Yan Peng (University of British Columbia)
Mark R. Greenstreet (University of British Columbia)

We present clause processors for type inference of ACL2 terms. The motivating application is Smtlink: we need a bridge from the untyped logic of ACL2 to the many-sorted logic of SMT solvers. Unlike the ACL2 typealist, our clause processors support user-defined types. Furthermore, we introduce a typedterm data structure that associates type-judgements with subterms of a clause. This means that when syntactically identical subterms can occur in logically distinct contexts, our clause processors can make distinct type-judgements for each occurrence of the subterm. These capabilities make these clause processors useful for applications beyond Smtlink.

### Overview

The logic of ACL2 is untyped, whereas the logic of SMT solvers is many-sorted. The soundness argument of smtlink [3] relies on a notion of "type-hypotheses": there should be a hypothesis asserting the type of each free-variable appearing in a theorem; a verified clause processor shows that the theorem trivially holds when variables have values outside their intended domain; and the remaining "typed goal" is then discharged by the SMT solver. Our new clause processors improve on this type deduction in three ways. First, missing type-information is detected early in the translation pipeline, allowing for clearer error reporting. Second, smtlink the support for user-defined types is now verified -- using FTY is convenient, but no longer required or trusted. Third, users were required to annotate their goals with type information by using fixing functions; now most of these type judgements are inferred automatically.

ACL2 has typealist [1] which records type information. While, the typealist checks for a small, fixed set of properties used by the ACL2 proof engine, our clause processors support a wide range of user-defined types. The typealist is an alist that maps pseudo-terms to type-sets. If the same pseudo-term occurs in multiple contexts, different type-judgements may occur for each instance. We introduce a new data structure, typedterm, that records context-dependent type judgements.

### The Type Inference Algorithm and the Clause-Processors

We define a new data structure typedterm.

(defprod typed-term ((term pseudo-termp) (path-cond pseudo-termp) (judgements pseudo-termp)))


The term field represents a clause or a subterm of the clause. path-cond is the conjunction of branch conditions that leads to term, and judgements are the type-judgements for term. For example if a goal includes the hypothesis (integerp x) and has the subterm (* x x), the typed-term for (* x x) is

(typed-term '(binary-* x x) '(integerp x) '(if (if (integerp (binary-* x x)) 't 'nil)
(if (if (integerp x) 't 'nil)
(if (if (integerp x) 't 'nil) 't 'nil)
'nil)
'nil))


The shape of the judgement maps directly to the shape of the term. (Note that for each occurrence of x in (binary-* x x), there is a type judgment for it.) The judgement is added as a hypothesis to the main goal.

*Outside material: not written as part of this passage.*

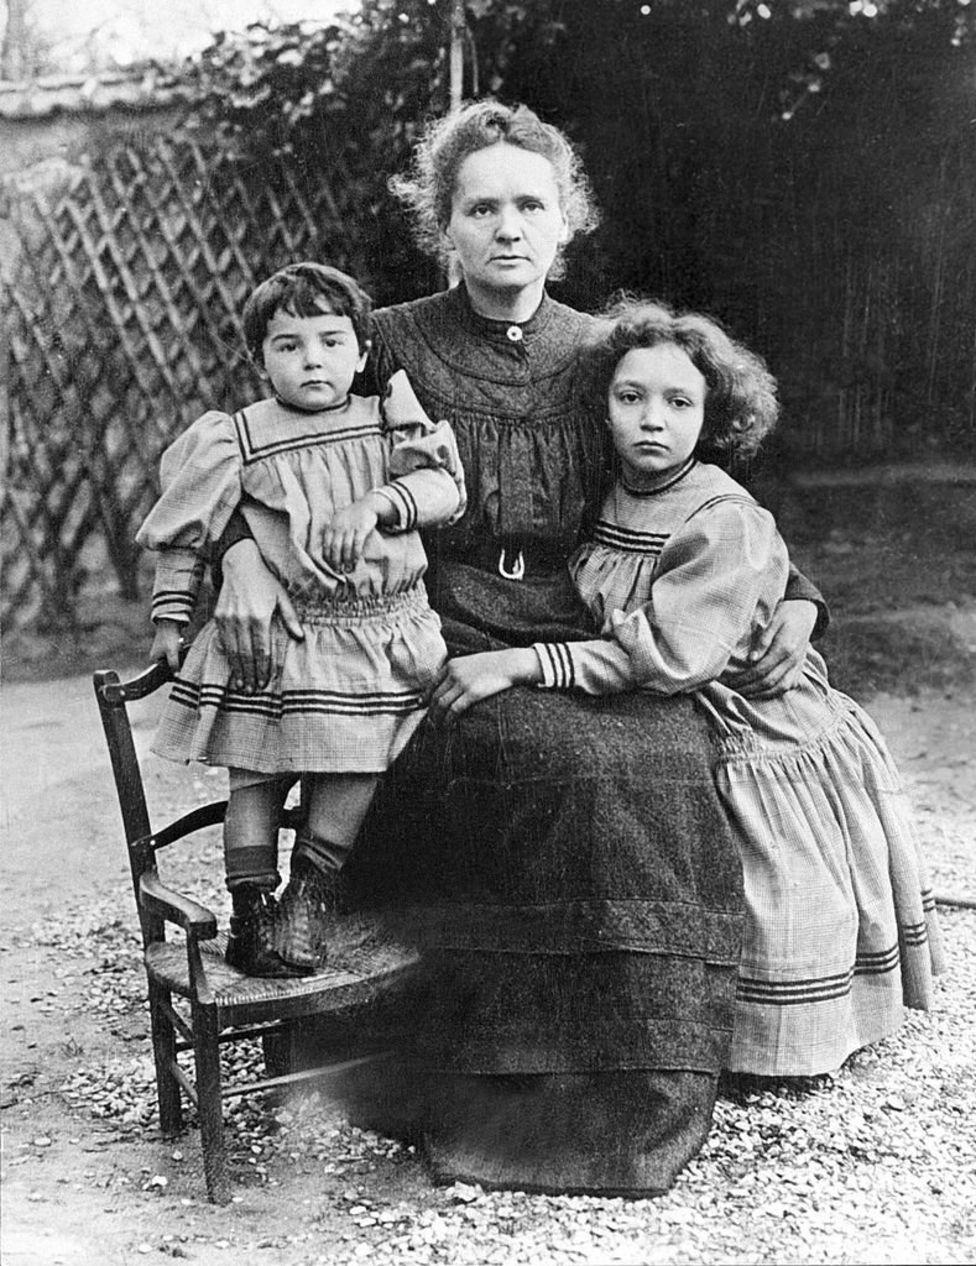 Marie Curie con sus hijas, Irene y Eve

We provide a set of constructor and destructors for typedterms that make it easy to access subterms, their path conditions, and their type judgements. The clause processors are invoked with an argument that lists the type-signatures for functions (by listing the relevant "returns" theorems), and the type-recognizers to be used for type-judgements, along with supertype/subtype relationships (again, specified by naming the relevant theorems). For use in Smtlink, type-inference consists of three clause processors. The first clause processor performs a post-order traversal of the goal, and constructs a typedterm that annotates each subterm with all type recognizers (from the provided list) that it can be shown to be satisfied by the subterm. Supertype and subtype judgements are added taking into account the path condition. The clause processor recursively traverses the pseudo-term for with the following five cases:

• Constants: Types of constants are trivially proved using meta-extract [2].
• Variables: We find type judgements from the path condition. The disjuncts of a clause are sorted so that "type hypotheses" such as (integerp i) appear early in the path. A "type-judgement" is an expression with only one free variable that is implied by the path condition.
• if-expressions: We treat if specially because the condition of an if is used to augment the path-condition for the "then" and "else" arguments.
• Lambdas: We properly shadow the path condition and pass type judgements of the actuals into the formals in the body to infer types in the body.
• Function calls (other than if): Return type information is obtained using meta-extract. Polymorphism is supported by allowing the same function to have multiple :returns theorems.

The second and third clause processors are SMT specific. Having found all valid type-judgements for each subterm with the first processor, the second clause processor chooses type-judgements that are consistent for the many-sorted logic of the SMT solver. For example, (list 1 2 3) satisfies both integer-listp and rational-listp, but Z3 considers these to be distinct sorts. Note that this clause processor "chooses" by discarding the type-judgements (i.e. disjuncts of the clause) that won't be used for the translation. A third clause processor is introduced to do static dispatch of polymorphic functions. For example for function car, we define its typed version integer-list-car:


(defun integer-list-car (x) (if (consp x) (car x) (ifix x)))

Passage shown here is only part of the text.